Oops...Just found this post buried in the "how did you find this forum" thread.


----------



## Teuthis (Apr 9, 2008)

Opinions will vary, but mine is that a semi-auto pistol is not a good firearm for a beginner, unless you intend to obtain some real training from a competent instructor. Glocks have the "safe action" triggers, but I have one and I know it can be fired with a great deal less pressure than is required for a revolver. 

If you intend to get into shooting sports and such, and get training, the Glock could be fine. But if you are not going to get involved in training, and are seeking a self defense weapon, consider a revolver in .357/38 Special. You cannot go wrong with that. You should still get some instruction, but you can probably find an NRA guy at a range who can make you safe and give you shooting pointers. Good Luck!


----------



## Ptarmigan (Jul 4, 2008)

I think a compact Glock model 23 would be a great gun but may I suggest the model 19, which is the same size but chambered in 9mm rather than .40S&W like the 23.


----------



## Scratchshooter40 (Jun 17, 2008)

*For a starter Glock*

What Ptarmigan said.

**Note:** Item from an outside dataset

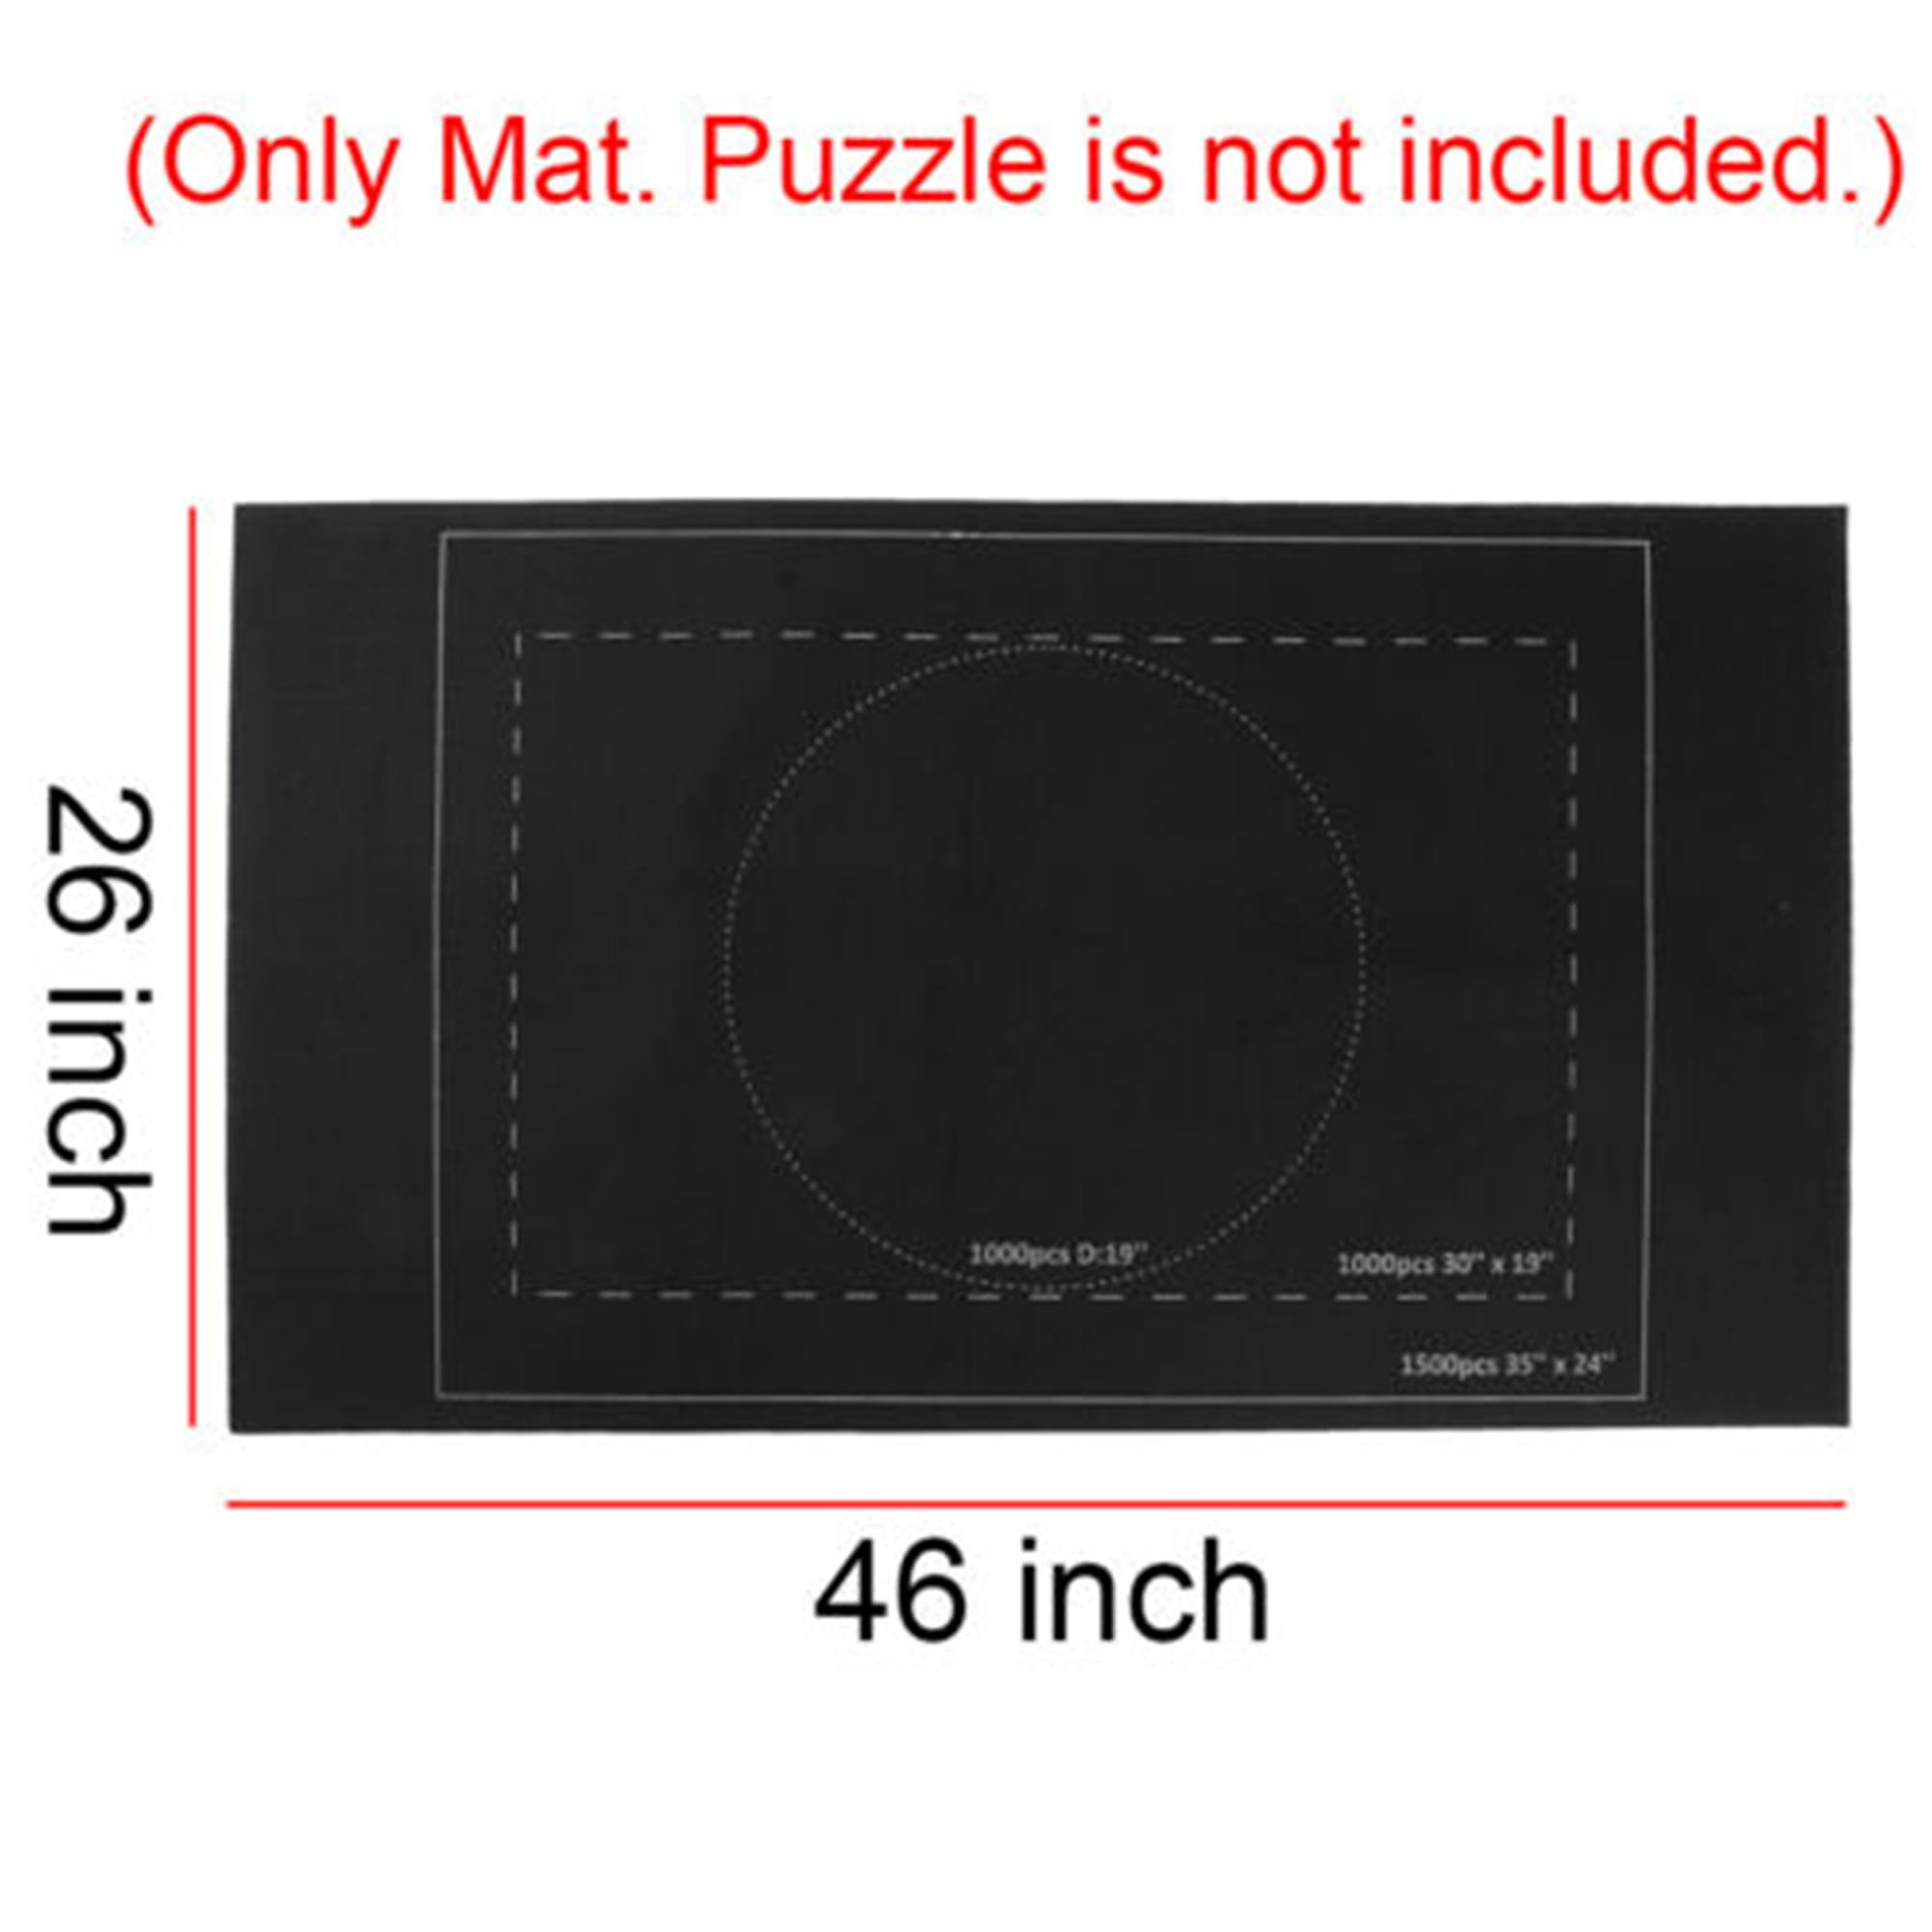 JUMBO JIGSAW PUZZLE FELT ROLL UP STORAGE MAT FOR UP TO 1500 PIECES

Cheaper to shoot and easier to master for a beginner. Can you rent and shoot anywhere, you will see immediately what the intent of the recommendation was. With experience, training, and practice the .40 S&W is an excellent choice, we are issued Glock 22's by the S. O. As I work with a plainclothes unit as a reserve, I can choose optional weapons. I carry a Beretta 96. I own a 92FS that I shoot a lot more due to ammo cost when I have to pay for it.


----------



## hideit (Oct 3, 2007)

yea the .40 is more stout for a beginner
go for the 9mm to get started
and yes the glock 19 is a GREAT pistol


----------



## sig09 (Nov 10, 2008)

You cant beat a glock for reliability. My only consern would be the lack of a saftey for a newbie owner. The used polymer Sigs can be had for the same price as a glock (if not a bit cheaper) but have a decocker on them and are just as good quality wise. I also agree that the 40cal is a bit much for someone who is going to need alot of pratice to get used to and comfortable with there first gun. Ammo is alot cheaper for the range and a quality protection round is very affective in 9mm. The Sigs are also very easy to assemble and disassemble for cleaning. The only advantage (imo) that the glock has is its availability of accesories for there guns which is second to none. Good luck and enjoy what ever you choose to purchase.


----------